I last wrote about “cryptic natural products” here – this is the idea that there must be a great many interesting compounds produced by microorganisms that we have not seen yet. It’s for sure that there are many biosynthetic-looking gene clusters found in these species that don’t seem to be turned on most of the time, which makes one think that under the right conditions you could perhaps elicit some “break glass in case of emergency” structures that might be well worth seeing.
This was one of the original ideas behind the company Warp Drive Bio (here’s a presentation from 2016 on some of their work), but it’s still not one that everyone buys into. Philosophically, you wonder how many of these pathways are even activatable, and how many are just lost chunks of DNA that are still hanging around. There’s also plenty of debate about how, even if the idea is sound, one goes about getting the organisms to produce their hidden treasures. Here, though, is a new paper from two groups at Princeton that demonstrates the idea in practice.
They’re looking at Streptomyces, a genus that certainly produces some interesting compounds, and seems to have the potential to produce even more. The group used green fluorescent protein (GFP) as a genetic marker, inserting it into some of the “quiet” biosynthetic gene clusters as well as out in more neutral territory, and then ran all sorts of stress experiments on the organisms to see if any of these caused some activity. As it turns out, exposure to etoposide and to avermectin, both quite toxic to the organisms, caused some of these biosynthetic pathways to turn on, and several new compounds emerged, including one with antifungal activity and some that appear to be cysteine protease inhibitors.
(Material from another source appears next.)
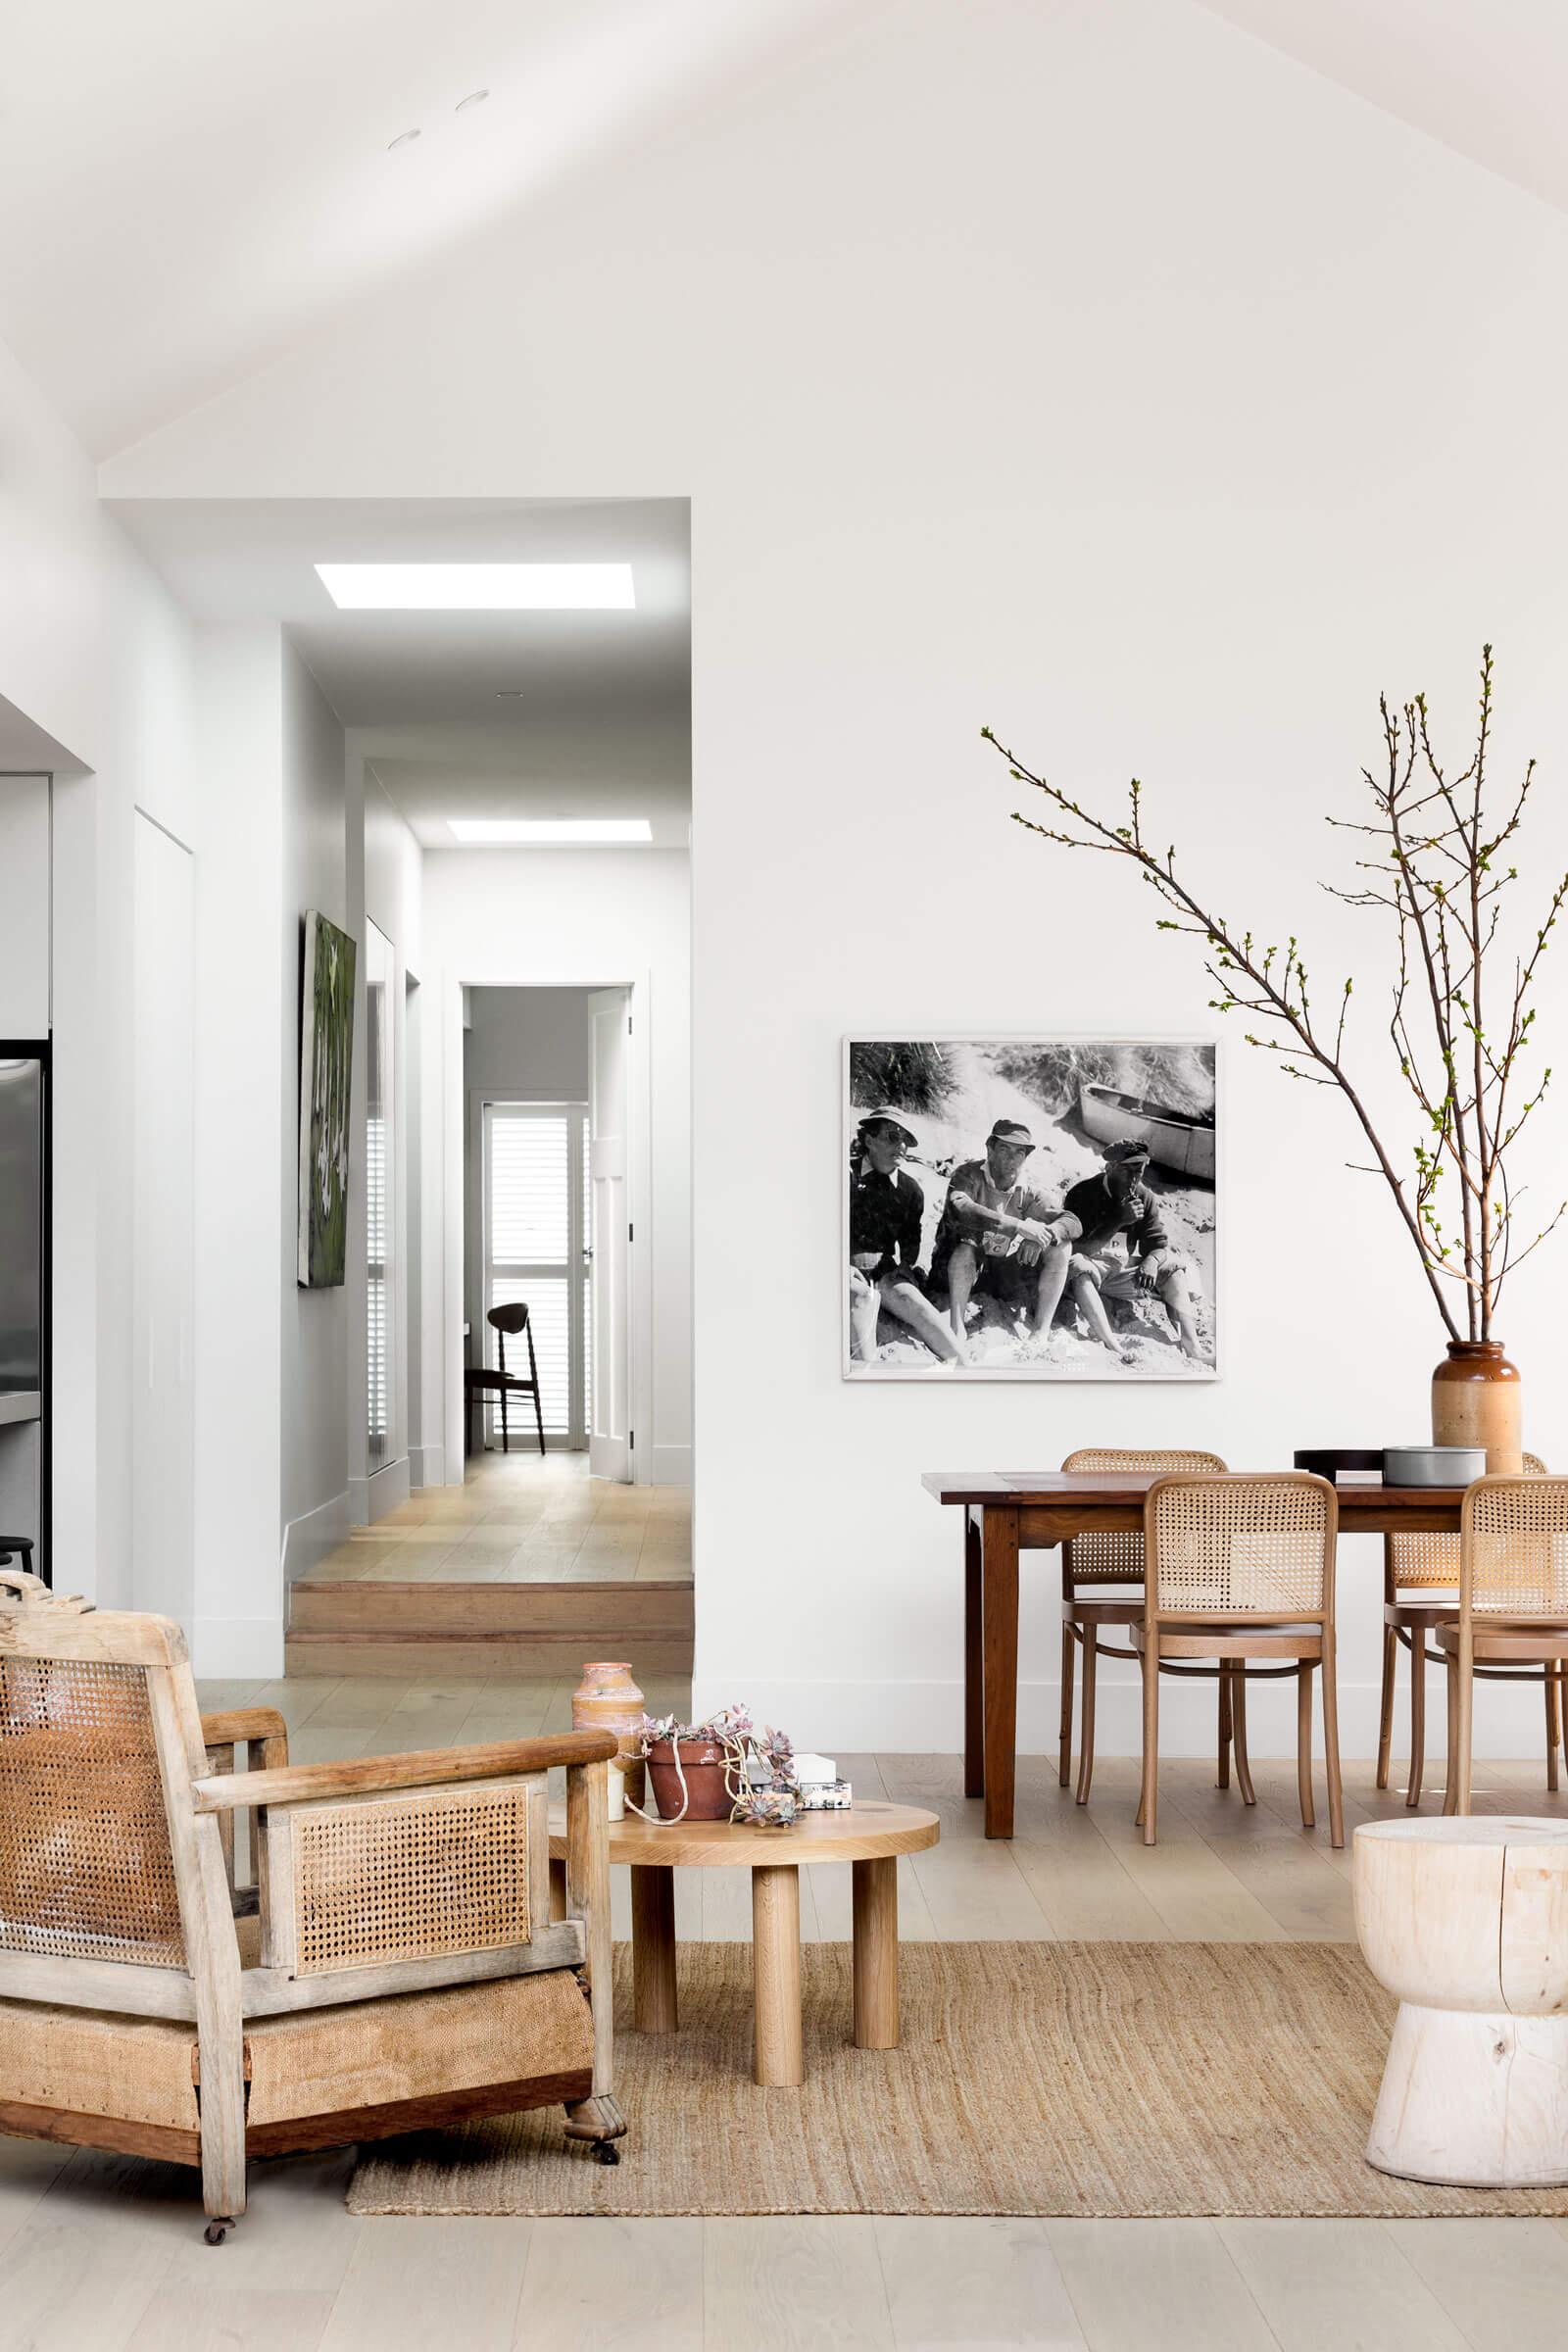 est living caulfield residence pipkorn kilpatrick 03 2

What’s more, the group was able to then track down some new information about these pathways, showing that there’s a specific translational repressor protein that keeps them silent under ordinary conditions. That holds out some promise for being able to turn more of these clusters on, and under less drastic conditions. If there are other such repressors scattered around, and if they have any commonality, we could start to get a lot more control over expression of rare natural products. It’s still going to be a lot of work – one of the things that Warp Drive has reported on is that the presence of these gene clusters varies widely among different strains – but there might be a less brute-force way into the field. (I wonder, given that, if the molecules reported in this new paper have already been seen by Warp Drive’s internal efforts or not?)
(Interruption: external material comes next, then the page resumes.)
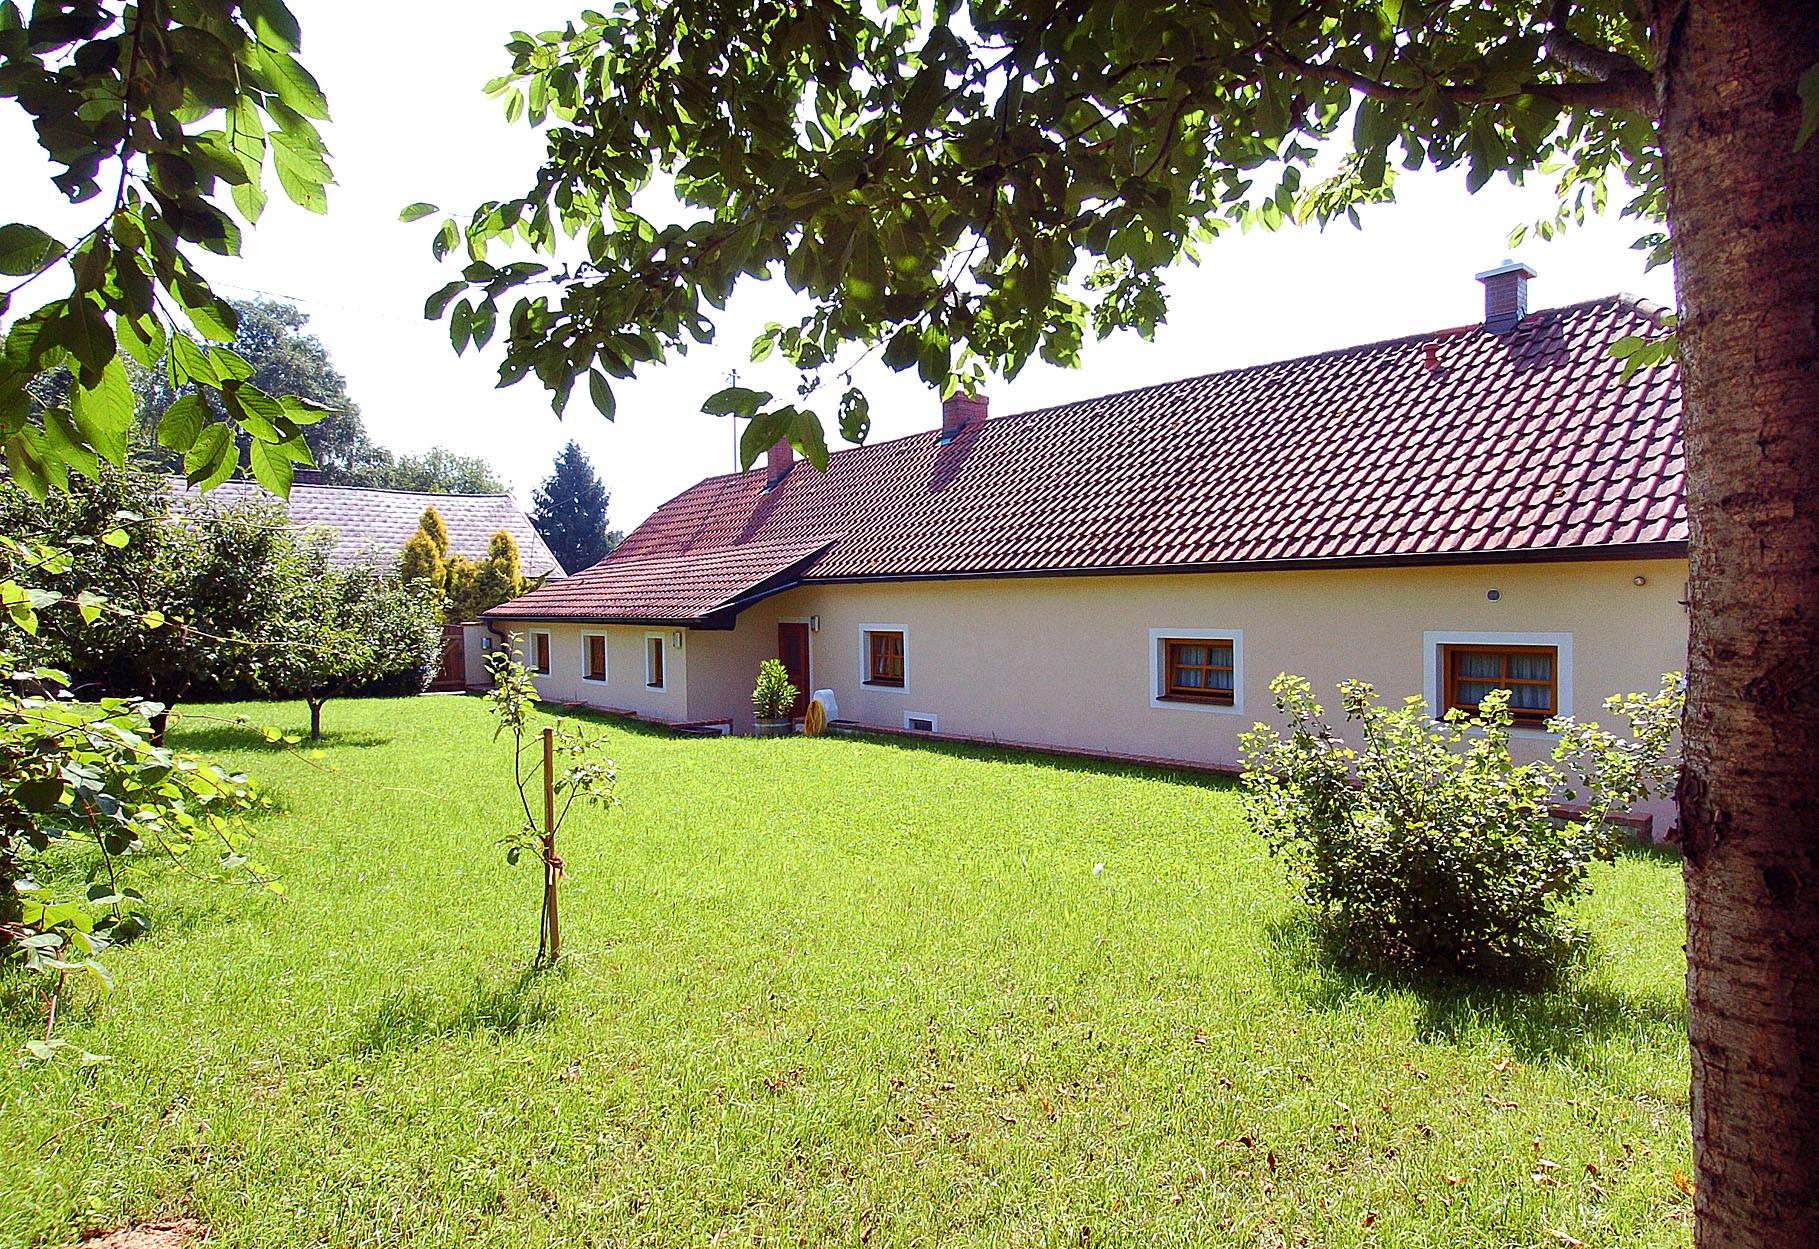 Garten zum Grillen, Sonnen - auf der Hinterseite des Hauses mit direktem Zugang vom Wohnzimmer

Like any organic chemist, I admire (and am slightly terrified by) the diversity and complexity of the natural product world. Getting medicinally useful compounds out of it has become progressively more difficult as the years have gone on, in a perfect example of the “low hanging fruit” problem. If there’s a tricky way to cause new active leads to come spilling out of it again, I’m all for it. Not all of them are going to be useful, of course, and not all of them are going to do things that we particularly need done, but some of them may well be good things to have.